Dr Caroline Pule is a biomedical scientist who is passionate about global health, medical research, and wants to ensure we have a disease-free nation. She completed her doctoral degree last year in Medical Sciences (Molecular Biology), Tuberculosis (TB) research field in the department of Molecular Biology and Human Genetics at the University of Stellenbosch (SU).
Pule is also a final year Doctoral student at the same institution. She says her PhD project research focused on “deciphering the physiology of drug-resistant and tolerant Mycobacterium tuberculosis, and how these bacteria modulate the host response in the context of the macrophage infection model”. Her research findings may lead to the identification of novel biological pathways and the development of novel drug targets to combat the spread of drug-resistant TB.
Pule also attained her MMedSc degree in Medical Sciences (molecular biology) from SU 2015 with upper class pass. Before this she attained her BTech (Hons degree) in Medical Biotechnology from Faculty of Biomedical Sciences, at Cape Peninsula University of Technology (CPUT) with an overall achievement of 14 distinctions in 2012. It is also from here that she completed her undergraduate degree in Biotechnology.
Pule says she knew when she was in high school that her dream was to become medical scientist. She says she wanted to find cures for incurable diseases and help save lives. “But I wasn’t sure exactly what I wanted to do within that field, I was mostly interested in HIV and TB,” says Pule.
But when she was doing her undergraduate degree she noticed that many lives were lost because of TB and “I thought that maybe I could contribute to global health by understanding what causes drug-resistant TB and figuring out how to cure it,” explains Pule. She was also motivated by her “desire to travel the world and to share my TB research work and learn more about the groundbreaking research work being done by other scientists across the globe”.
The value of science
Pule believes science is important to humanity in many ways in terms of creation, understanding of the circle of life, the connection between human beings and the ecosystem, also new inventions in terms of technology, which has allowed for many important discoveries for decades. She says it was through science, that the structure of DNA was discovered leading to the understanding of human anatomy and physiology from genetic code, DNA replication- RNA translation-protein synthesis and to cell function. In addition, science has also led to the discovery of the bacteria that cause Tuberculosis (TB).
Pule says women face challenges in the science environment. She says she has to prove that “as a young black woman I have what it takes to become a renowned independent scientist and a leader in my chosen career field”. But she says she uses such challenges as a motivation to work harder and excel in a field still highly male dominated.

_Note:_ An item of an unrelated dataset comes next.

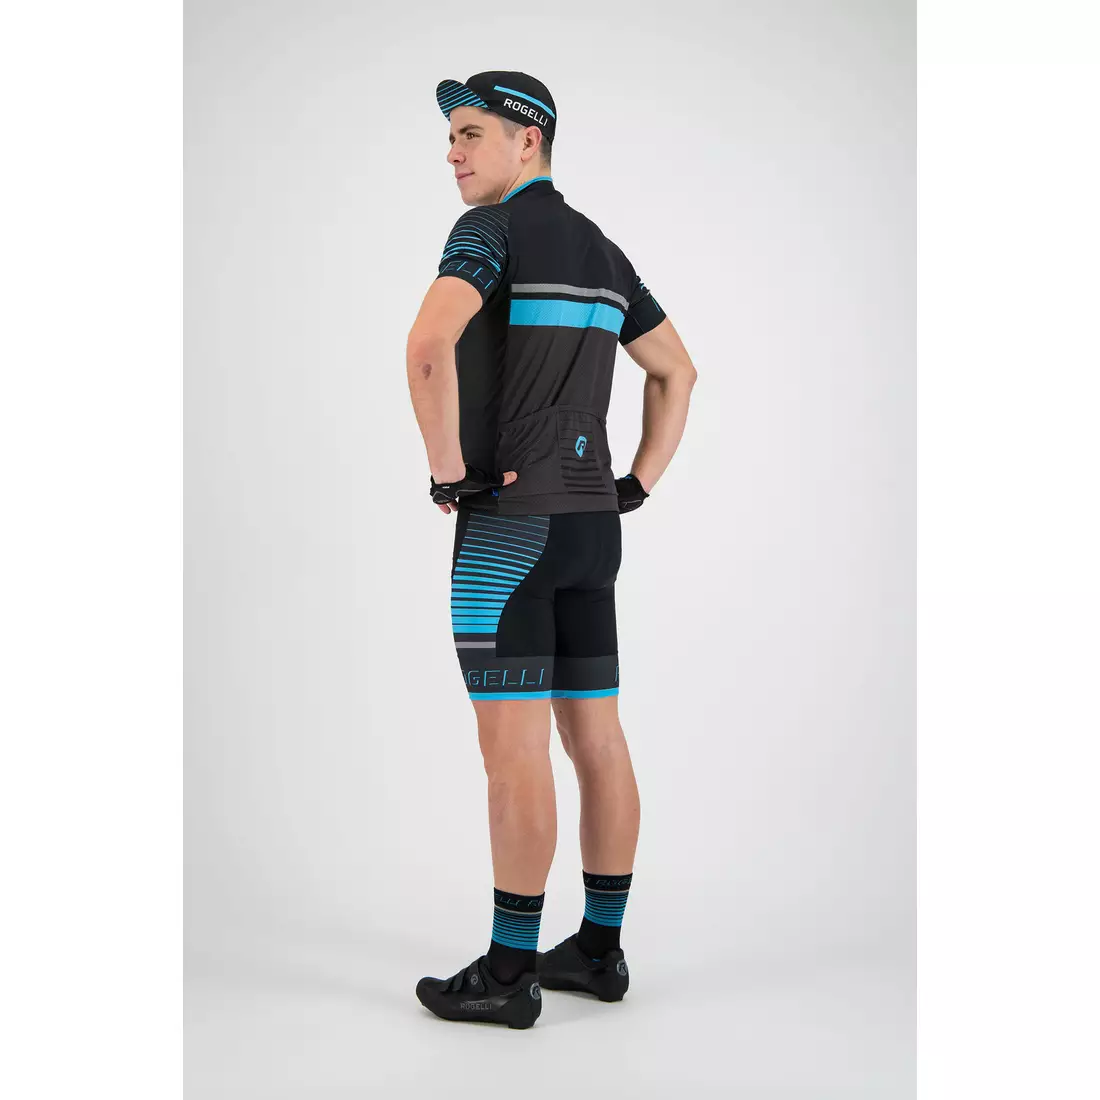 Rogelli HERO 002.237 Men Bike Bib shorts Black/Grey/Blue

She says there is still a huge gap in terms of women in STEM representation and recognition particularly in areas such as women doctors, scientists, engineers, technologists and mathematicians in leadership positions, in grants accessibility, in research publications etc.
Pule has won several prestigious awards including, to a mention a few:
- Winner of Inspiring Fifty 2020 Award presented by CocreateSANL organization
- Mail & Guardian 200 Young South Africans, Health Category
- Semi-finalist in 2019 Harvard South Africa Fellowship Program (HSAFP) award to go and study MPH degree at Harvard University School of Public Health.
- Awarded the prestigious Bill and Melinda Gates Foundation Global Health Travel Award in 2018 to attend the Keystone conference “Tuberculosis: Translating Scientific Findings for Clinical and Public Health Impact” in Canada.
- She was a recipient of Women in Science Award 2016 TATA scholarships category, which she also won in 2014
Pule has advice for both girls who are considering a career in STEM and women who are already in STEM careers.
Firstly to the girls considering career in STEM, Pule says self-esteem and believing you’ve got what it takes to reach your goals, that everything is possible through hard work.
Secondly, when considering a career in STEM, it all starts in high school; you need to have science subjects as majors and to volunteer in science and technology clubs etc.
Thirdly, you need to work consistently, be smart and run-the-extra mile to get good marks, especially grade 12 results.
Lastly, life is about choices, it doesn’t matter what family you come from…
To women already in STEM careers, Pule says they should know that:
“You are you own competition; your success is not measured by comparing your progress to others.
Do what you love, don’t settle just for a pay cheque and be trapped in the rat-race without being happy at your work environment!
Build a career that you are passionate about, that will guide you into your purpose and will make you wake up every day with a smile.
Go out there and follow your passion, choose your career wisely, do what you love.